What is most irrational about the silence, defensiveness and outright damnation of LGBTQ individuals by Christian leaders is the obscure and hard-to-interpret Scriptures used to defend their positions — and the ones they choose to ignore.
“Love the Lord your God with all your heart and with all your soul and with all your mind. This is the first and greatest commandment,” Jesus said. “And the second is like it: Love your neighbor as yourself.” Then he concluded, “All the Law and the Prophets hang on these two commandments.”

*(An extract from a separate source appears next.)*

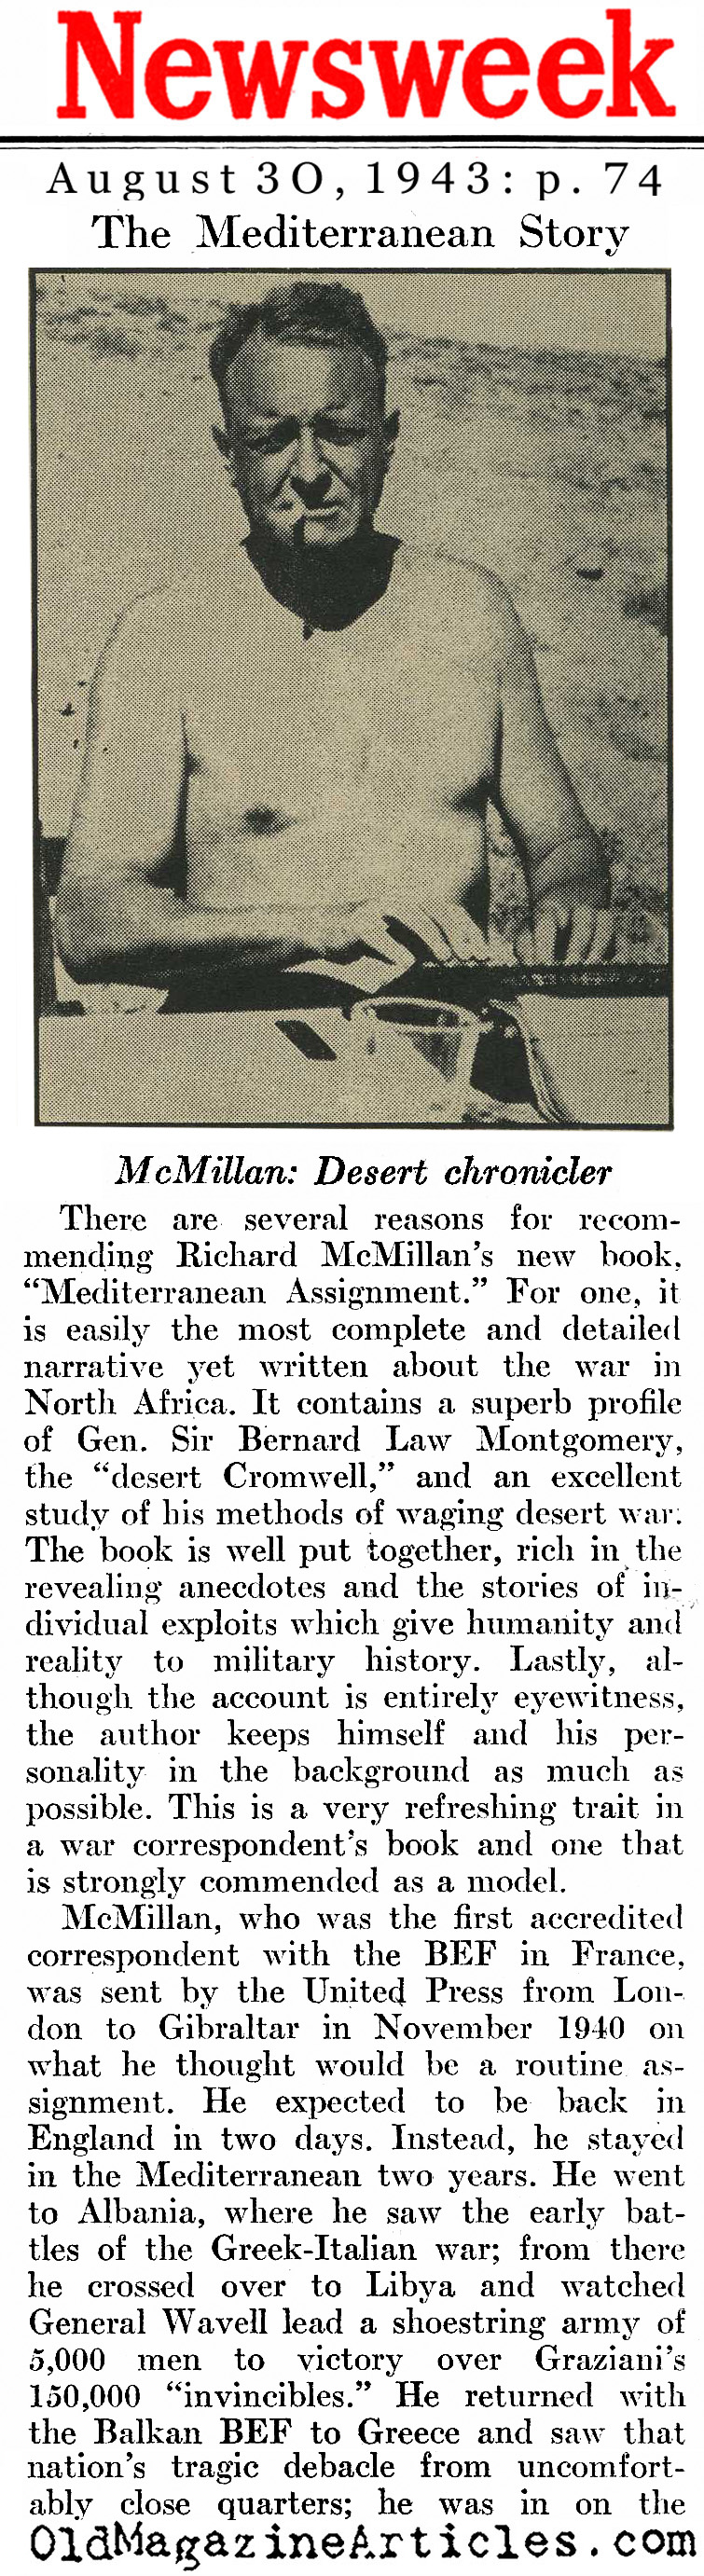 Richard McMillan with the United Press (Newsweek Magazine, 1943)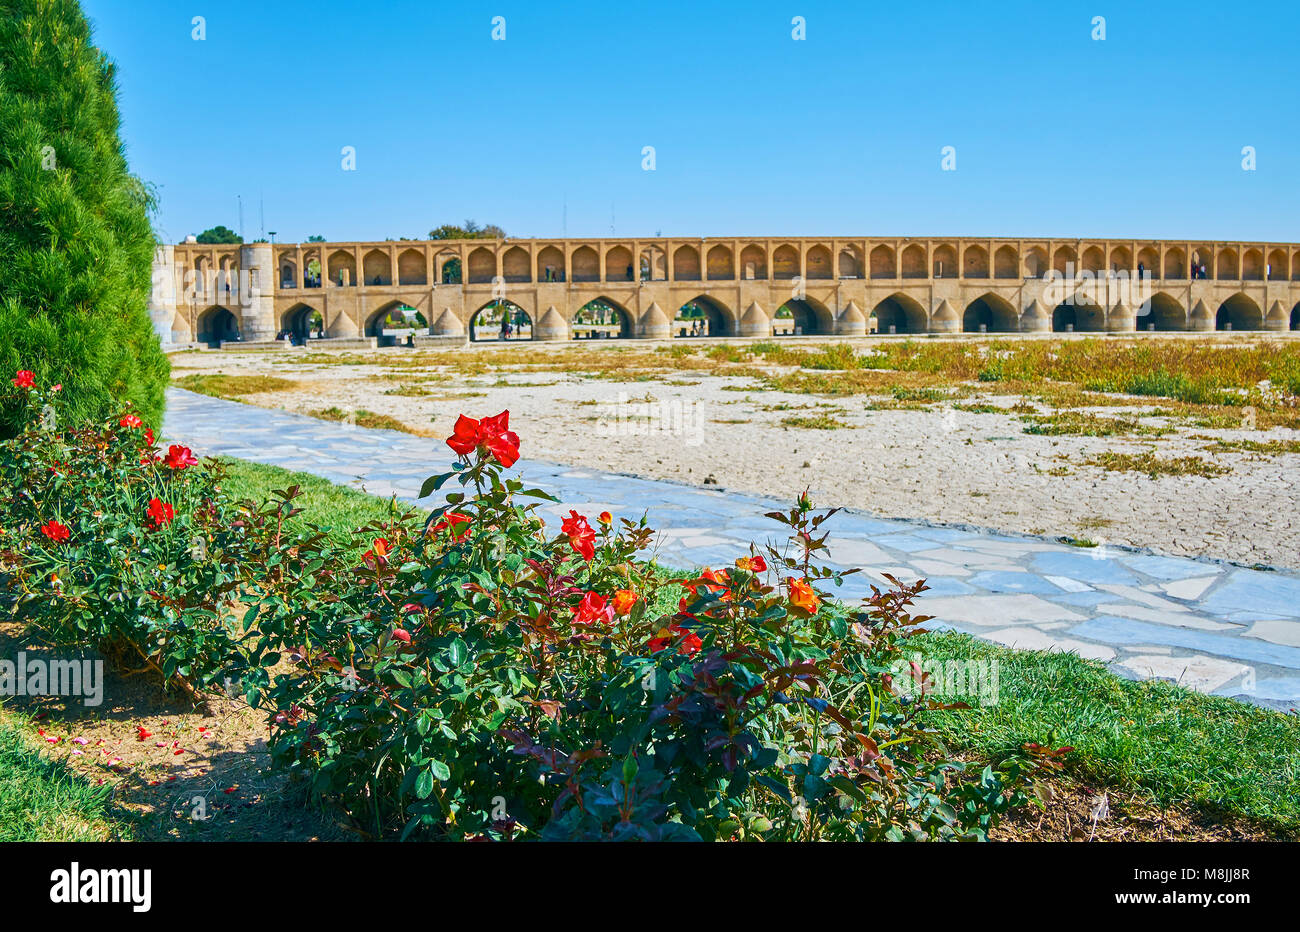 Die historische erhalten Si-o-se-pol Brücke hinter dem roten Rosenstöcken der Koudak Park, Isfahan, Iran. Stockfoto

In our book Celebrating Sex in Your Marriage, my late wife, Sandra McGee, and I introduced the “Three A’s of Emotional Intimacy,” the progression of accepting, appreciating and finally affirming differences between marriage partners. Those differences are to be celebrated as strengths created by diversity. As I studied human relationships and pondered the boundless variety and abundance of God’s creation, my understanding and appreciation of human emotional and sexual diversity expanded.
First is acceptance. I had to accept the facts of what I was beginning to understand. Diversity in sexuality and gender identity is a fundamental given and not a personal choice. This understanding must be accepted as true, whether it is a welcome truth or not.
Second, there is appreciation. Just as we have come to understand the value of diversity in the natural world, we must learn to see the gift of diversity in human sexuality and gender identification also as God’s good gift, both in our culture and in our churches.
Ultimately, there is affirmation. With time and humility, we come to celebrate this diversity and affirm our acceptance of Jesus’ invitation to all of us to follow him, to love God in all our diversities, and love our neighbors as we love ourselves..
Dan McGee is an author, blogger and consultant on spiritual issues with an extensive background in psychology and ministry. He is an ordained Baptist minister with a bachelor’s degree from Baylor University, master’s degree from Southwestern Baptist Theological Seminary and Ph.D. from Texas Woman’s University. As a clinical sexologist and director of the Hardin-Simmons University Graduate Program in Family Psychology, Dan directed the Family Psychology Center and was responsible for clinical supervision of all interns in practice there and at satellite centers across West Texas. He is the author of Celebrating Sex in Your Marriage and Experiencing God’s Presence.